RECORDS FOR THE EXERCISE section start
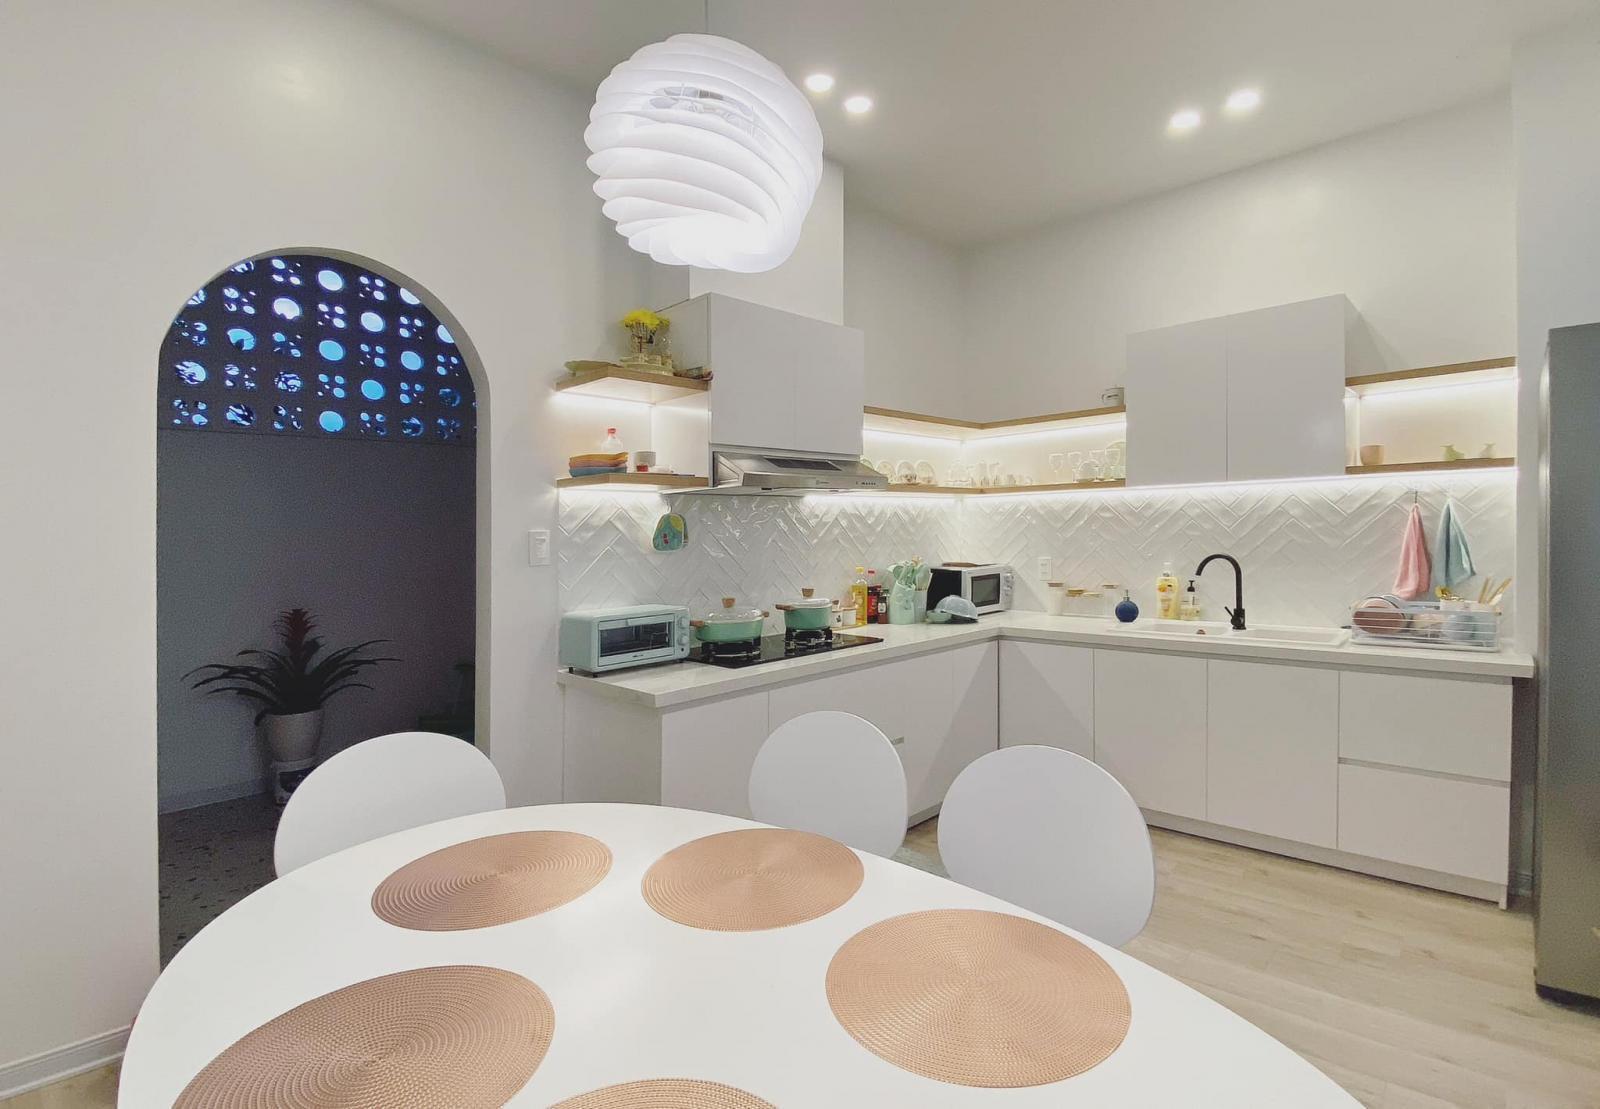 Tường gạch bông gió vừa lấy sáng và thông gió tốt hơn, vừa tăng hiệu quả thẩm mỹ của ngôi nhà.
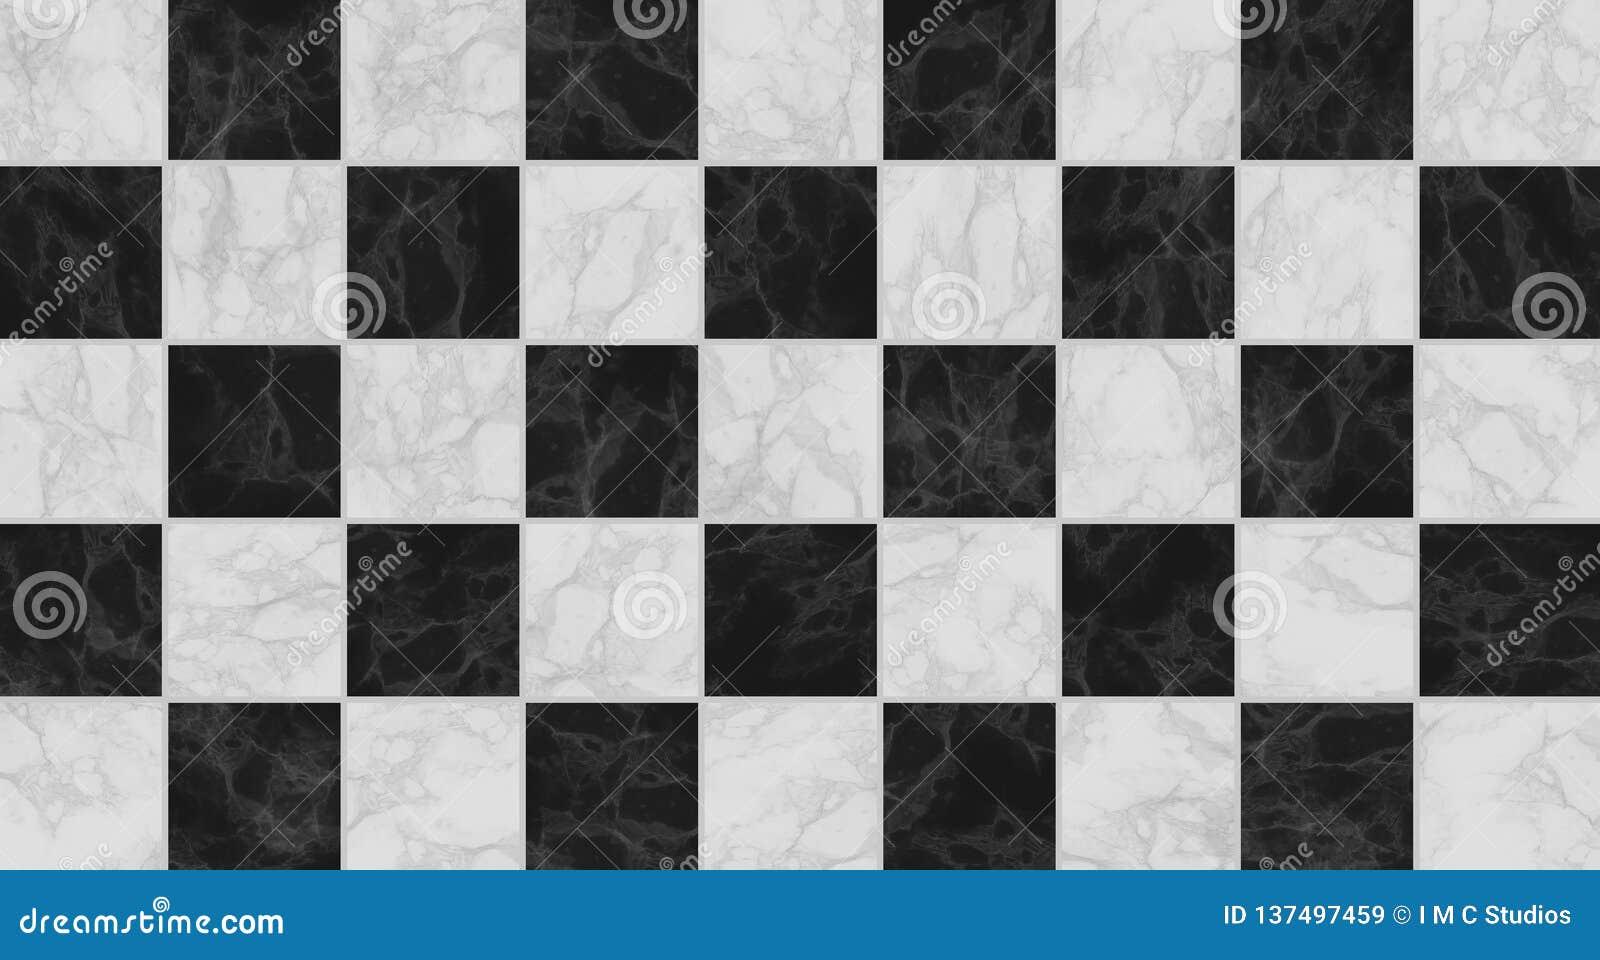 Marble Granite Tile Pattern Illustration Stock Illustration Illustration Of Tile Pattern 137497459
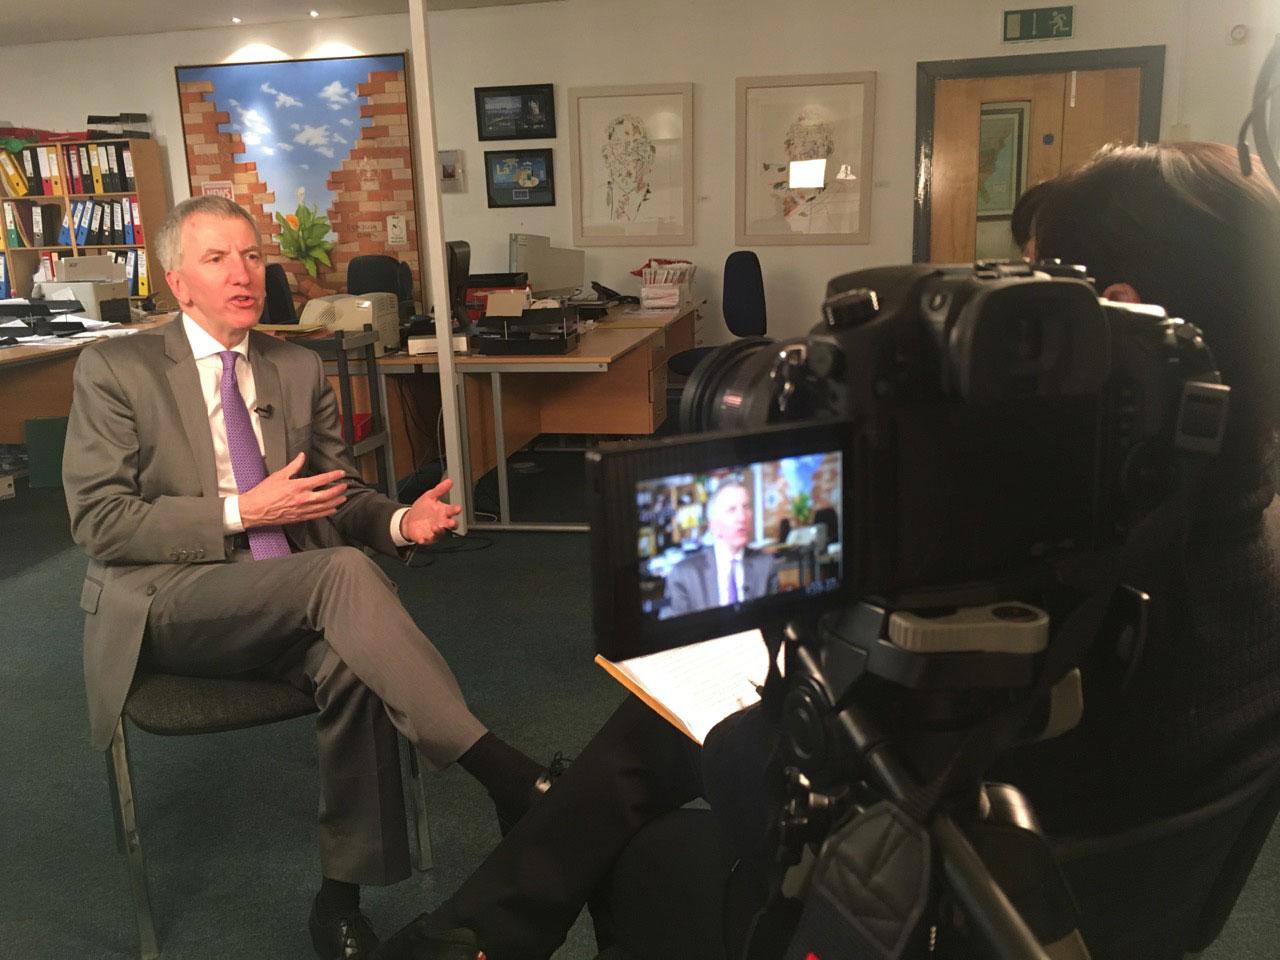 Sinn Fein politician Máirtin Ó Muilleoir discusses expansion of the Irish language in Northern Ireland
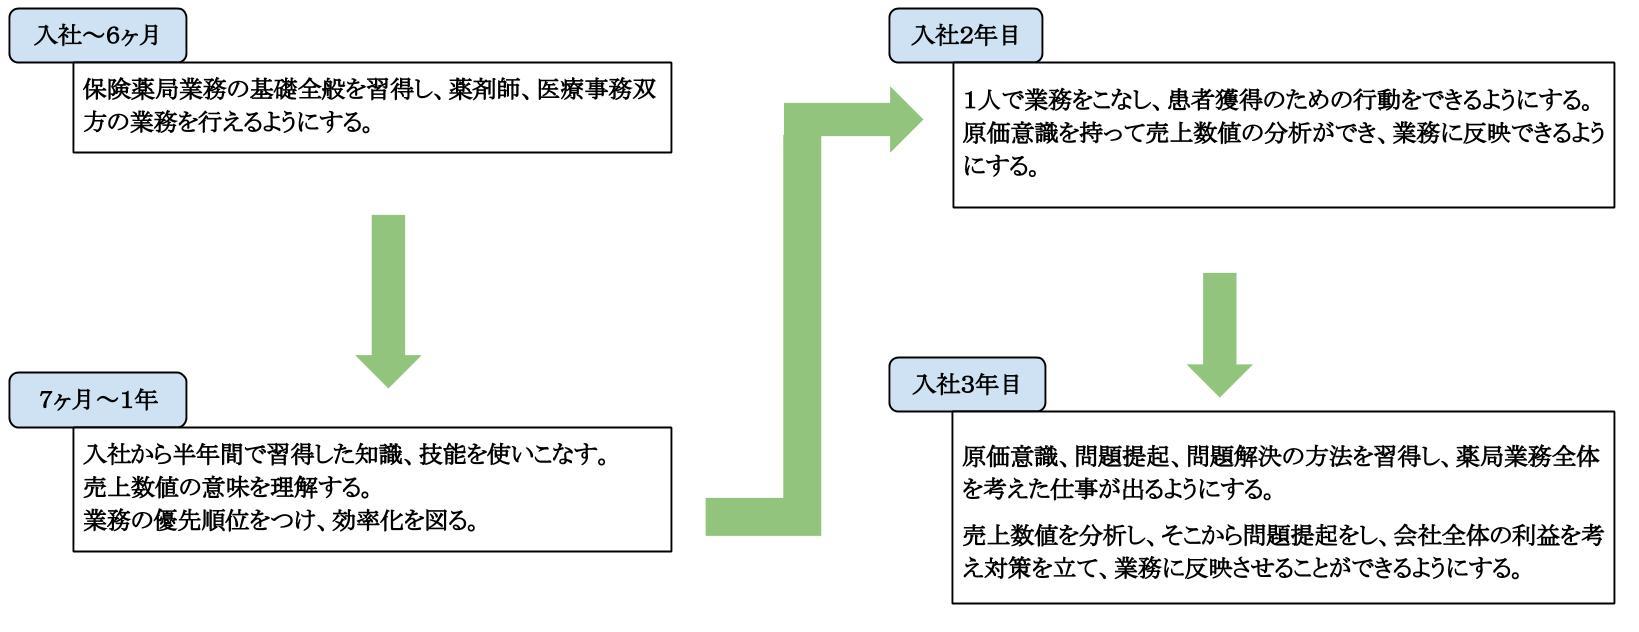 新卒採用(入社~3年目)
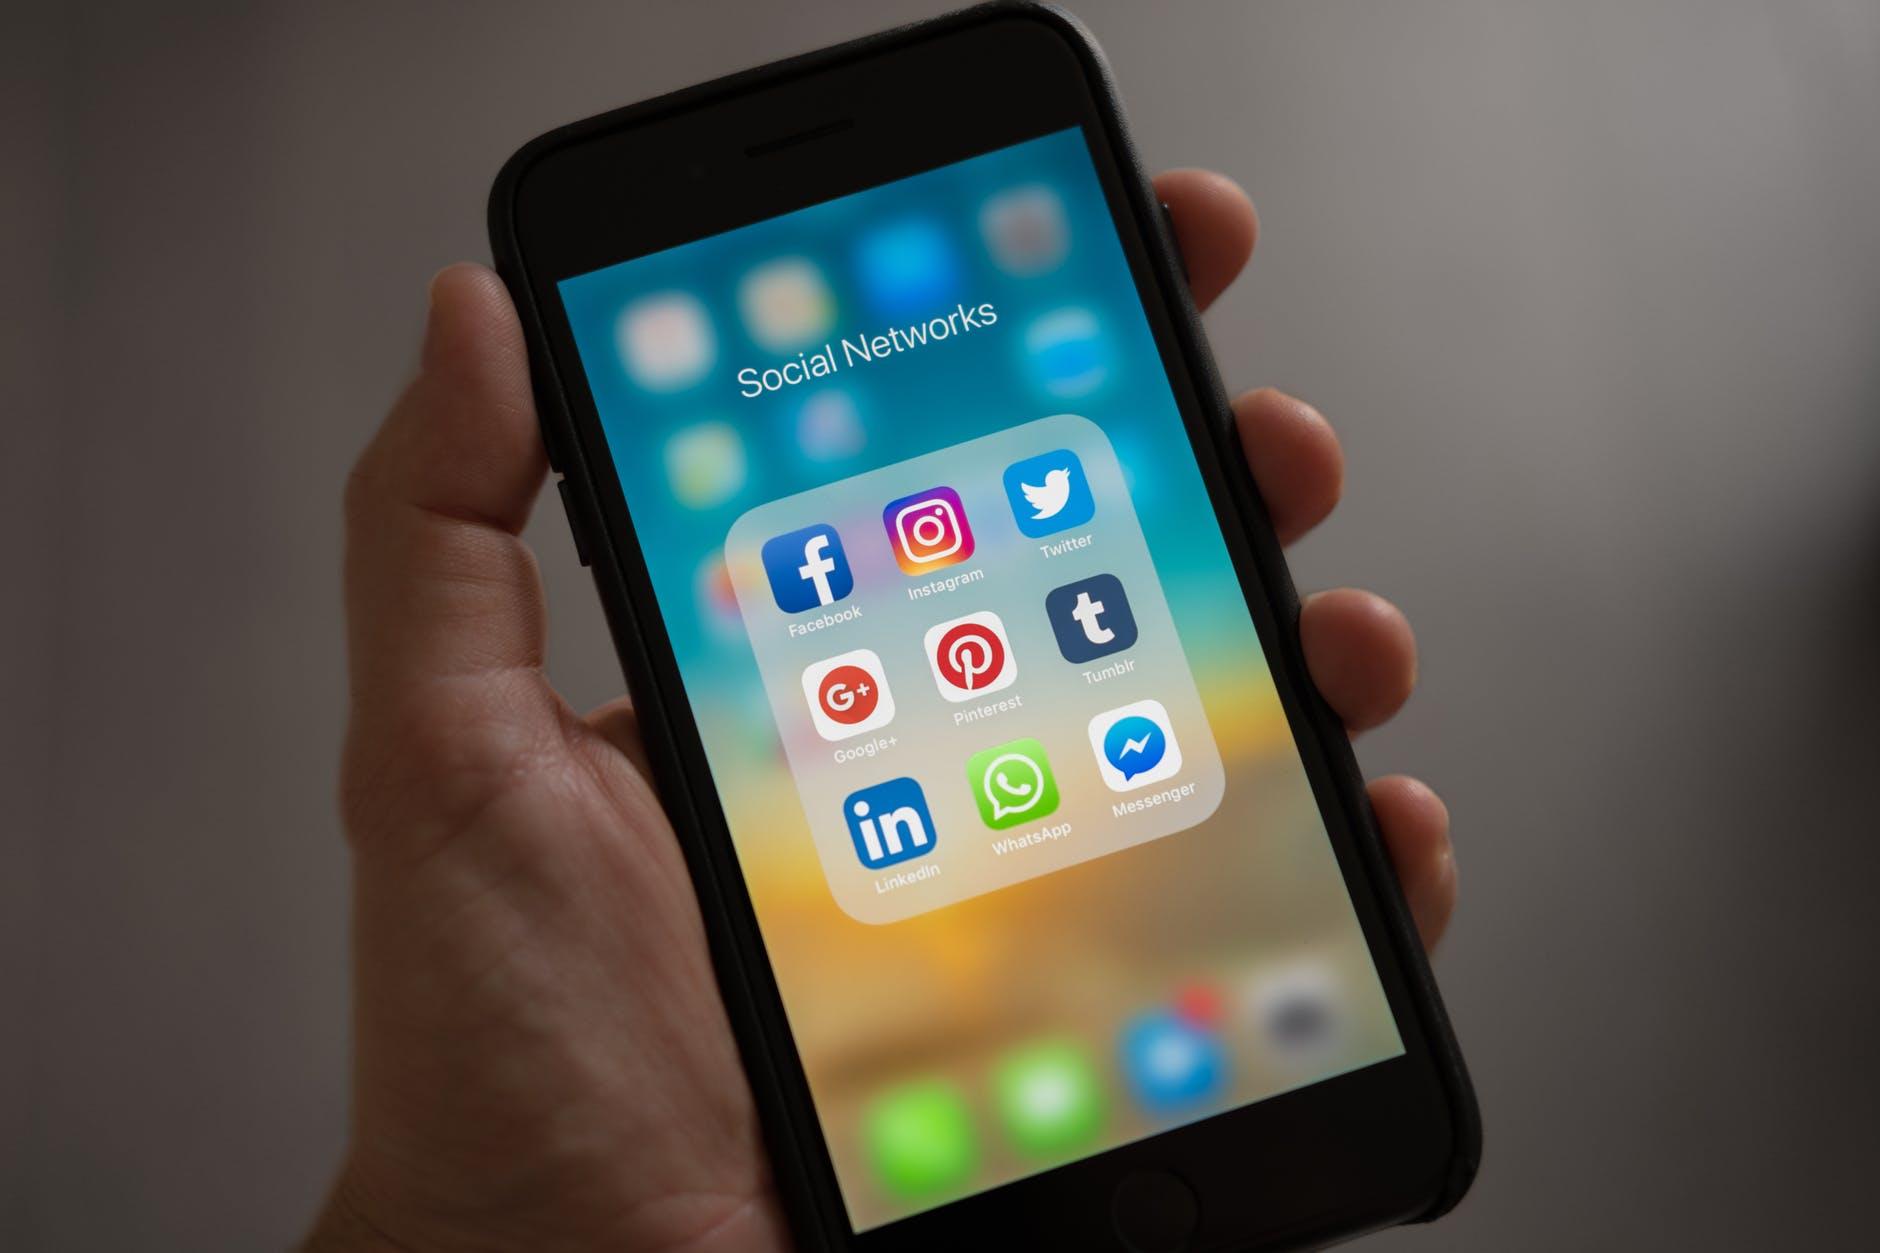 美國聯邦法院法官接受政府所謂「可能危害國家安全」的論點,使得推特公司(Twitter Inc)不能曝光美國政府提出監控用戶請求的相關訊息。。(Pexels)
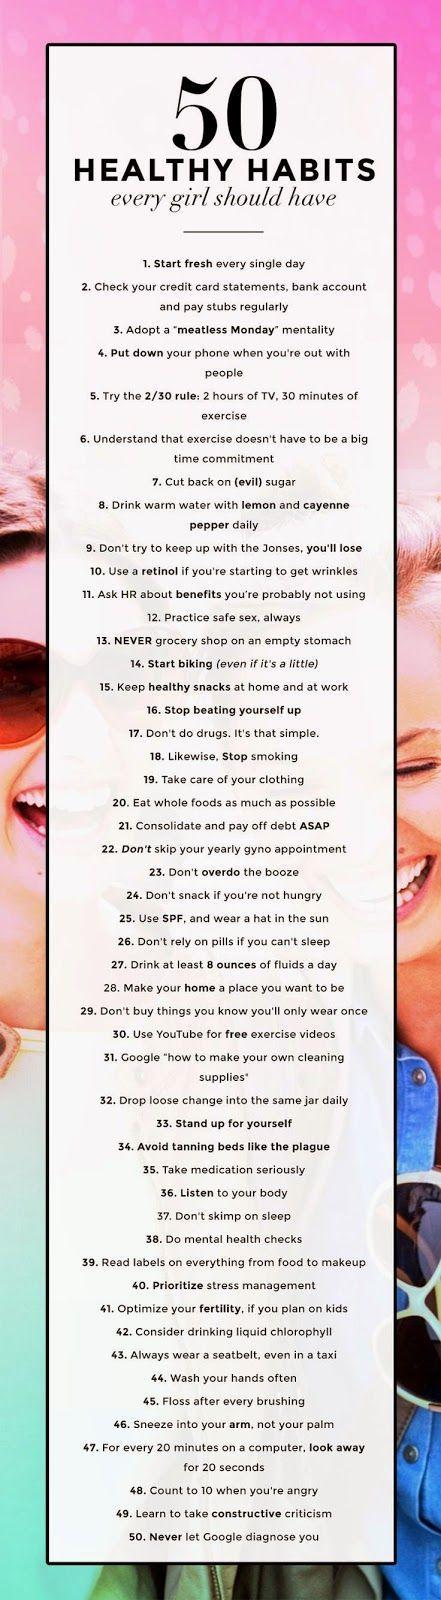 50 healthy habits.
RECORDS FOR THE EXERCISE section end
* TASK BRIEF *
Nothing but an exact copy is needed, covering the lines from the line with "Sinn Fein politician" through the last line of the entries, pictures excluded.

* EXERCISE ANSWER *
 Sinn Fein politician Máirtin Ó Muilleoir discusses expansion of the Irish language in Northern Ireland
 新卒採用(入社~3年目)
 美國聯邦法院法官接受政府所謂「可能危害國家安全」的論點,使得推特公司(Twitter Inc)不能曝光美國政府提出監控用戶請求的相關訊息。。(Pexels)
 50 healthy habits.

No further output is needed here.